BTW, one man’s coincidence is another man’s providence. Whatever you like to call it, try this one: We piled our family into our van and drove 50km to the city of Heidelberg, got lost a few times until we finally found a parking garage, found one of the few open spots and pulled up right next to a family unloading their van. The mom turns to me and says (in English!) “Is your name Aaron?” I stood there dumbfounded for a second…but turns out we had pulled in next to the Van Essen family…their stats: another American family. From Iowa. With John Deere. And 5 kids. We’d never met them before, although Melissa and Kimber had traded a few emails earlier in the week. If you call it coincidence, then that’s almost spooky!
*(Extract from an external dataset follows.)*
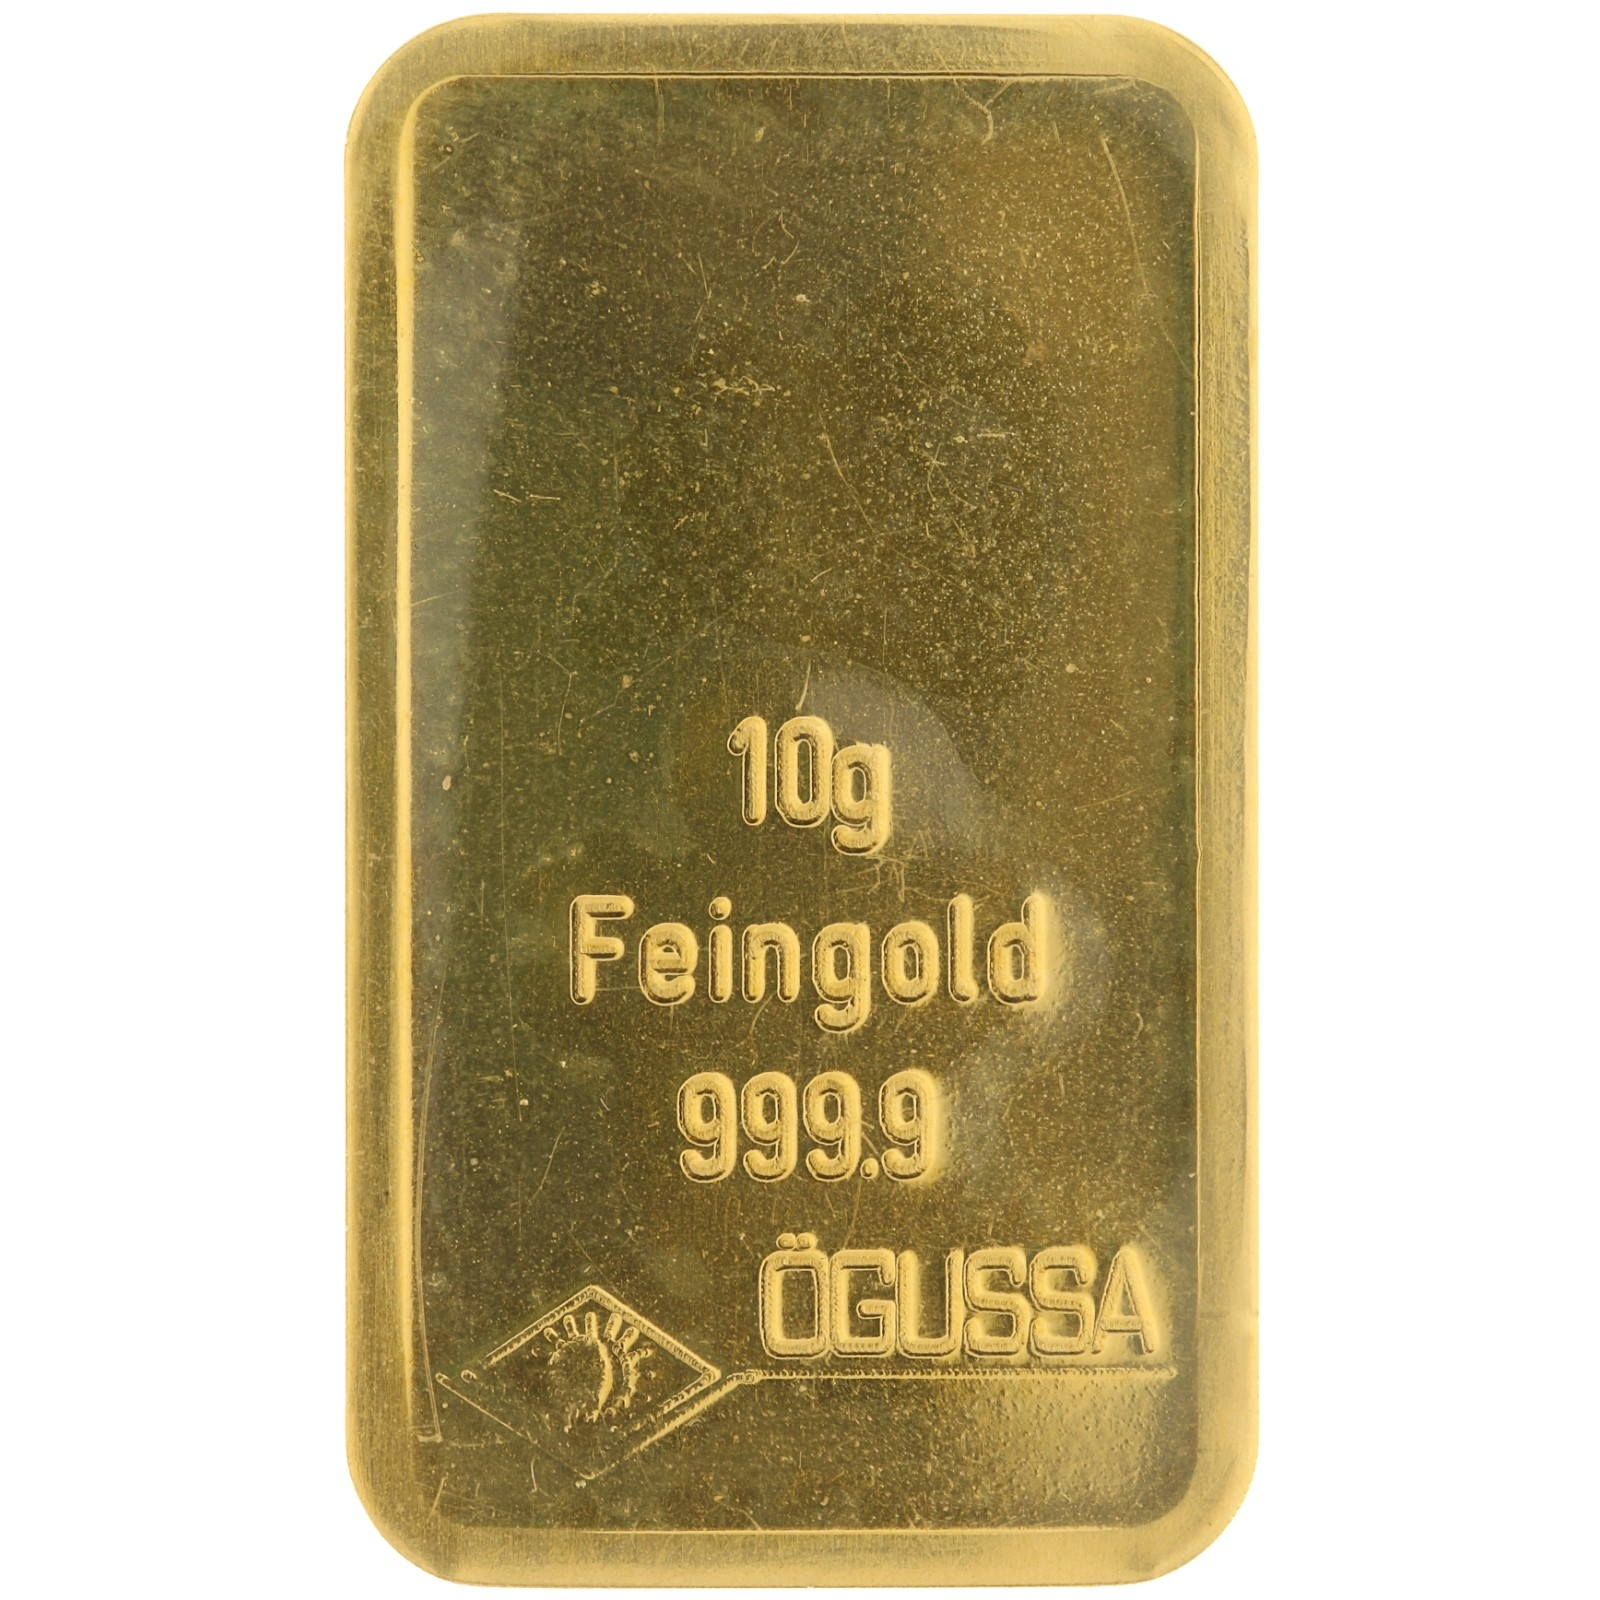 Ogussa - 10 gram fine gold - bar

Our oldest daughter Anna is our picky one, and she was also the most resitive to moving to Germany. There had been a few tears along the way from her, even as recently as waiting to deboard the plane in Frankfurt. So it’s a nice indicator of our adjustment so far when a few minutes ago I asked her what she thought of our adjustment to Germany and she gave me a smile and a thumbs up. Even thought we haven’t hardly a posession of our own here (the cars and furniture, dishes, silverware, and house itself are rental, and all we have is what we packed in our luggage) the kids haven’t lacked for anything. They explored the house, quickly discovered the idyllic backyard, walked to the store and stadtplatz for icecream, and today toured the neighborhood castle. Four days in, its a kid paradise. School starts next Friday, however, so in the words of our settling-in agent…”Lets ask again in 4-6 weeks”.
Kids posing in front of Hambacher Schloss. Anna calls it "Hamburger Schlop".